前記したようにNRVMおよび線維芽細胞から単離した全RNAを、製造業者の指示に従って、PCRキット(Becton Dickinson、Franklin、NJ)用のRTを用い、逆転写されたDNA(RT−DNA)の生成のための鋳型として用いた。RUP40発現はPCRによってRT−DNAサンプルで検出した。PCR条件が:2分間の96℃;30秒間の96℃、30秒間の55℃、2分間の72℃の30サイクル;10分間の72℃であった。
用いたラットRUP40順方向プライマーは配列番号
(結果)
RUP40は心筋細胞で発現することが判明した。結果は図4に示す。RT−PCRは、無血清(SFM)条件下に24時間維持した新生心室筋細胞(NRVM)におけるRUP40転写体の発現を示す。筋細胞におけるRUP40転写体レベルはフォルボール12−ミニステート13−アセテート(PMA)の添加から24時間後に劇的に降下したが、フェニレフリン(PE)またはプロスタグランジンF2アルファ(PG)の培地への添加の後には上昇したままであった。一次心室線線維芽細胞(Fibro)におけるRUP40発現のほとんど検出不可能なレベルに注意した。G3PDH PCR産物は、PCR反応で用いた鋳型の等しいレベル、およびゲル負荷の合致性を示す。増幅は、鋳型の不存在下における増幅に対応するゲルの「−」レーンによって示されるように、鋳型−依存性であった。ラット心室筋細胞によるRUP40の発現は、実施例11で決定され、図2に示されたヒトおよびマウス(図示せず)RUP40の発現プロフィールに合致する。
RUP40は心筋細胞で発現することが判明した。

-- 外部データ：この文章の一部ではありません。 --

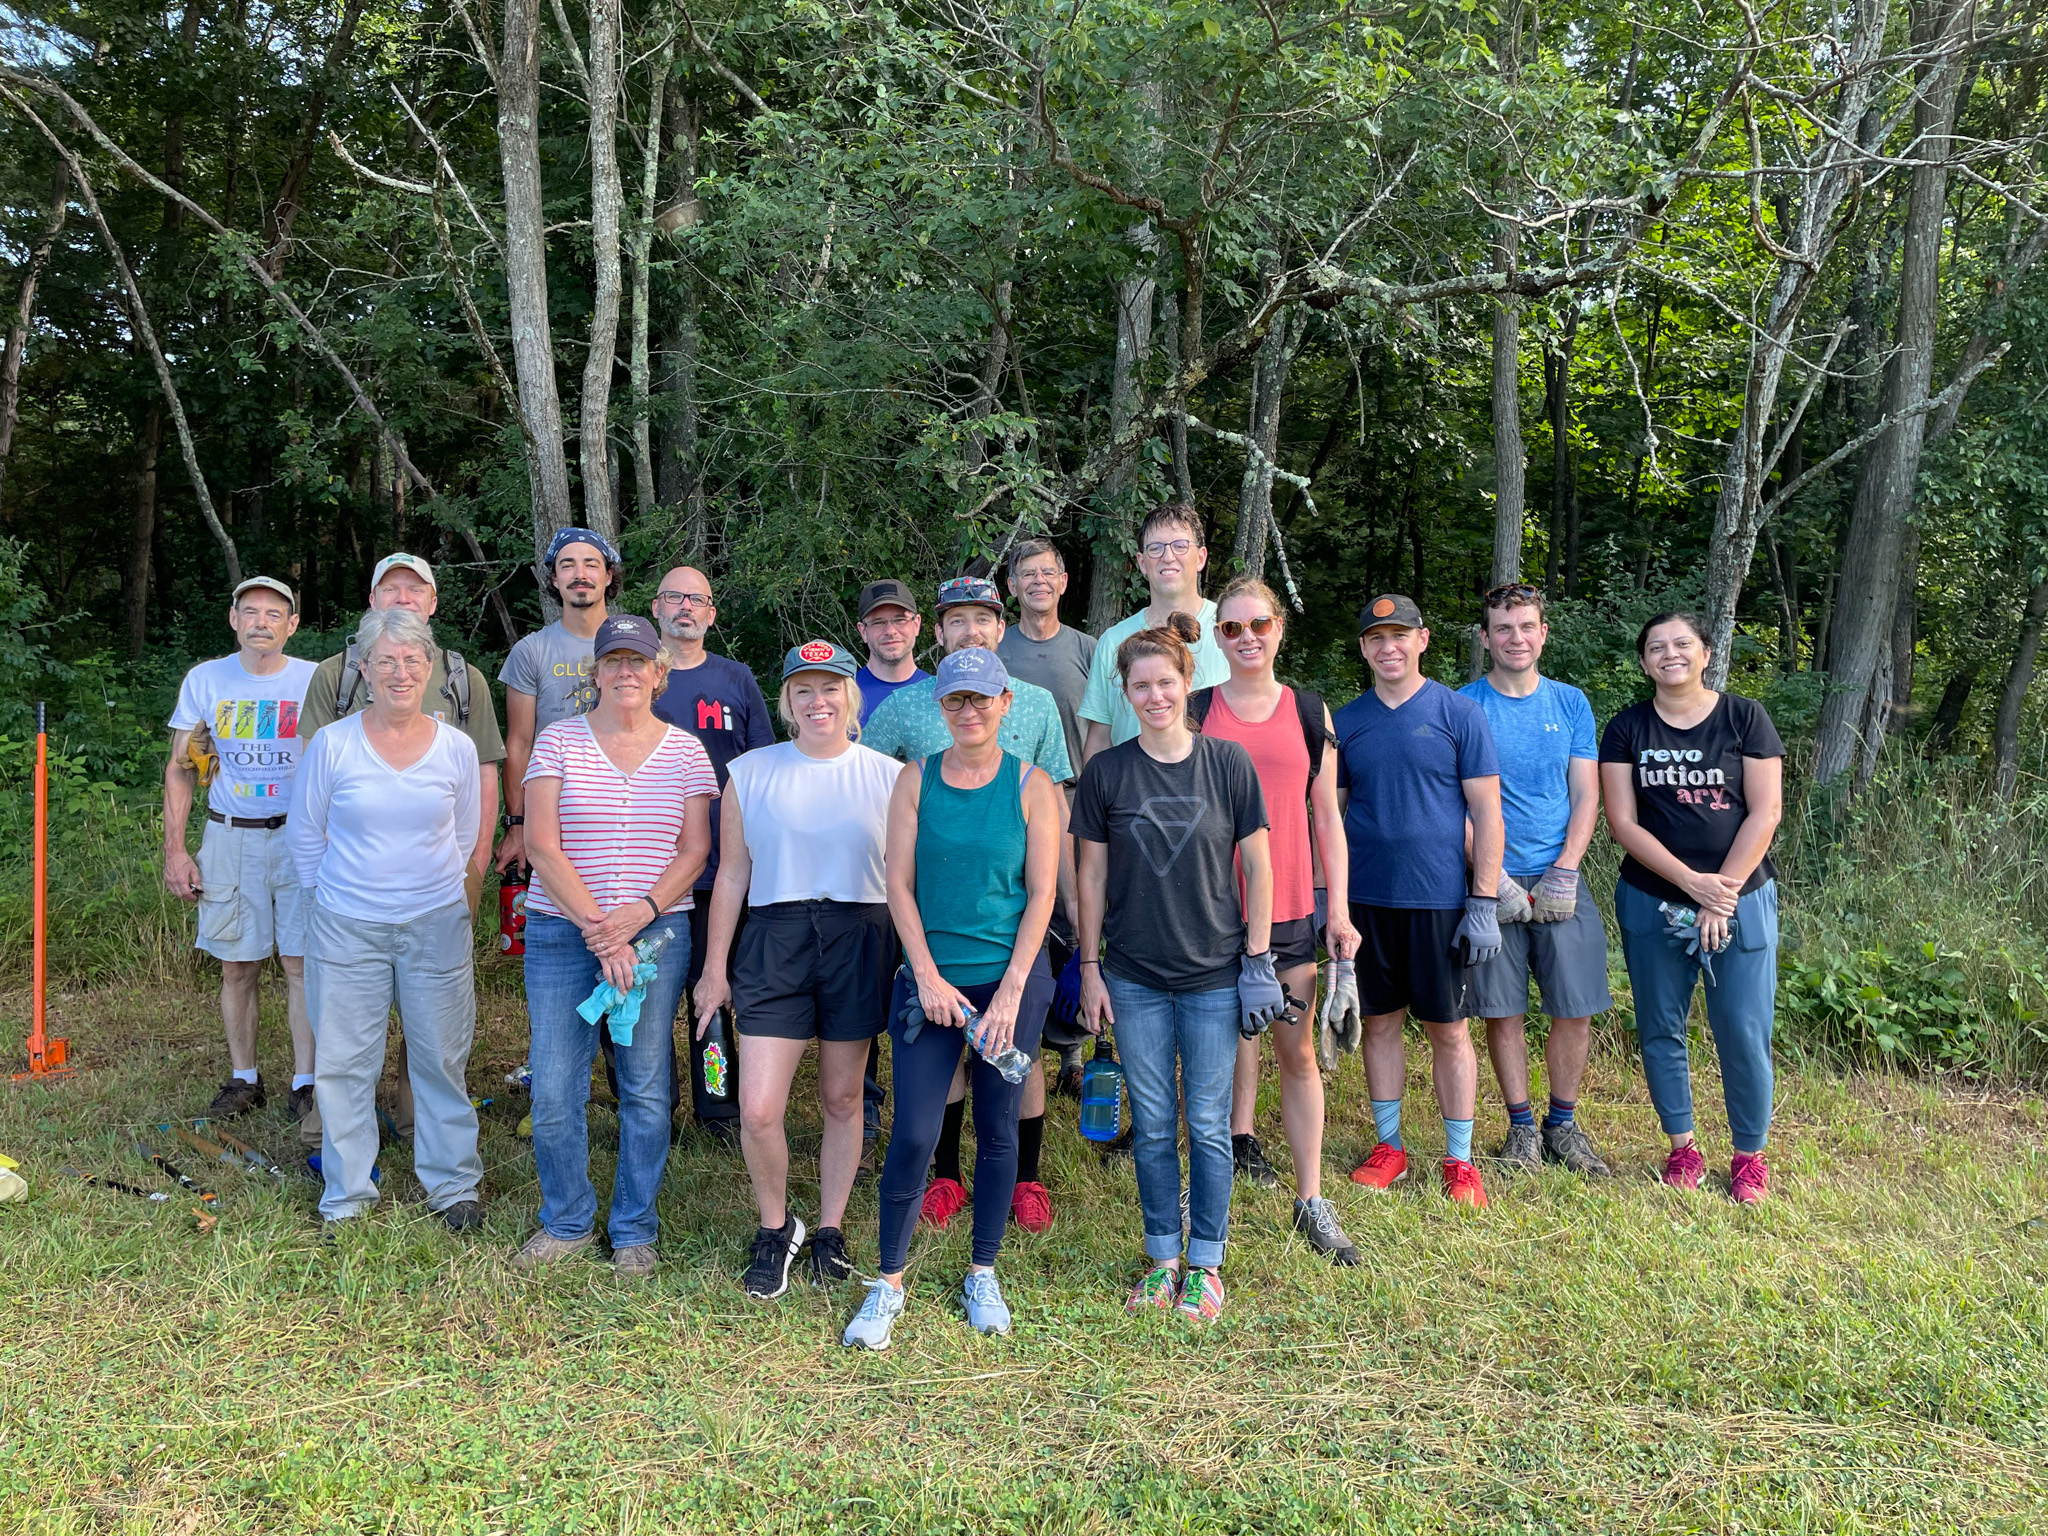 ZSuite Employees posing alongside three members of the Simsbury Land Trust at the edge of a Connecticut forest
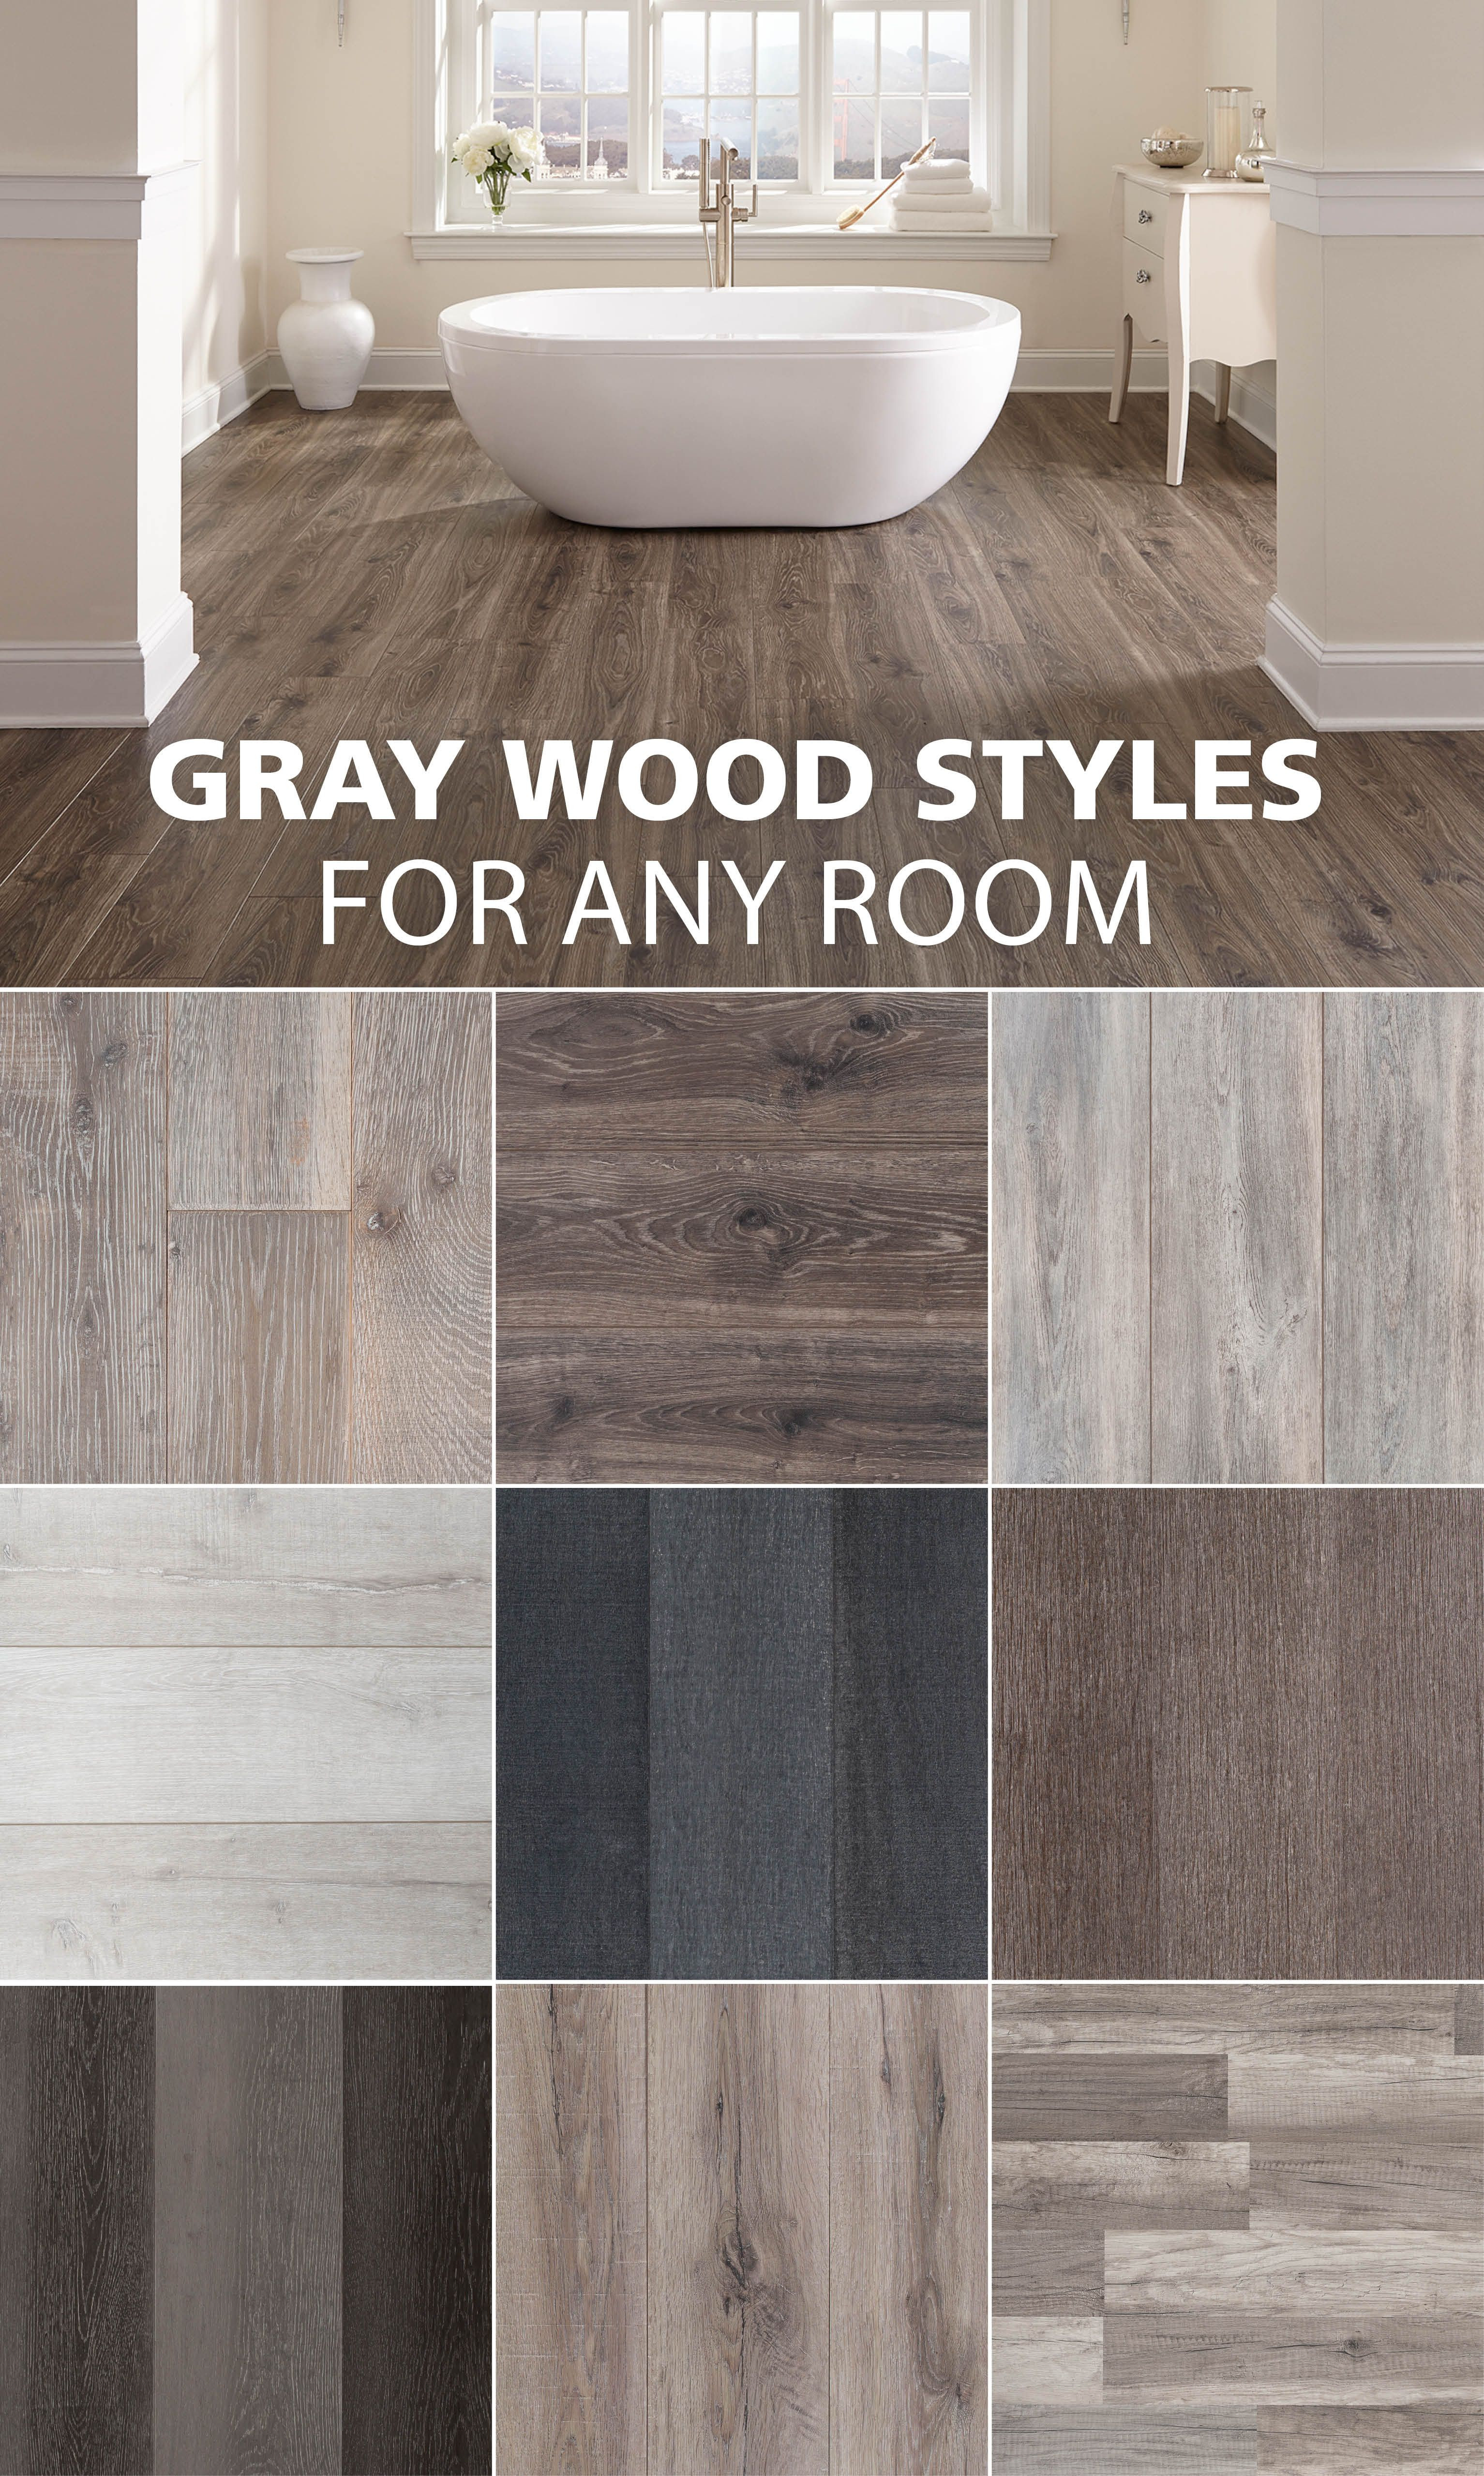 12 Best Hardwood Floor Refinishing Reviews 2022 free download hardwood floor refinishing reviews of here are some of our favorite gray wood look styles home decor for here are some of our favorite gray wood look styles

結果は図4に示す。RT−PCRは、無血清(SFM)条件下に24時間維持した新生心室筋細胞(NRVM)におけるRUP40転写体の発現を示す。筋細胞におけるRUP40転写体レベルはフォルボール12−ミニステート13−アセテート(PMA)の添加から24時間後に劇的に降下したが、フェニレフリン(PE)またはプロスタグランジンF2アルファ(PG)の培地への添加の後には上昇したままであった。一次心室線線維芽細胞(Fibro)におけるRUP40発現のほとんど検出不可能なレベルに注意した。G3PDH PCR産物は、PCR反応で用いた鋳型の等しいレベル、およびゲル負荷の合致性を示す。増幅は、鋳型の不存在下における増幅に対応するゲルの「−」レーンによって示されるように、鋳型−依存性であった。ラット心室筋細胞によるRUP40の発現は、実施例11で決定され、図2に示されたヒトおよびマウス(図示せず)RUP40の発現プロフィールに合致する。
(実施例14)
(増大したIP3蓄積における心筋細胞結果でのRUP40の過剰発現)
(一次細胞培養)
新生ラット心室筋細胞(NRVM)を従前に記載されているように単離し、培養した[Adams、JW et al.,J Bion Chem(1996)2719:86;その開示をここで引用してその全体を援用する]。簡単に述べれば、心臓を1〜2日齢Sprague−Dawleyラット子供から得、コラゲナーゼで消化し、筋細胞をPercollグラジエントを通すことによって生成した。細胞を0.2×106細胞/ウェルにて24ウェルゼラチンコートプレート上で平板培養し、10%ウマ血清、5%胎児ウシ血清、および抗生物質(100ユニット/mLのペニシリンおよび100μg/mLのストレプトマイシン)を補足した4:1 DMEM/培地−199中で一晩維持した。平板培養培地中での18時間の後、筋細胞を維持培地(DMEM/培地199+抗生物質)で洗浄して、死滅した細胞およびデブリスを除去し、実験の継続中には維持培地を交換した。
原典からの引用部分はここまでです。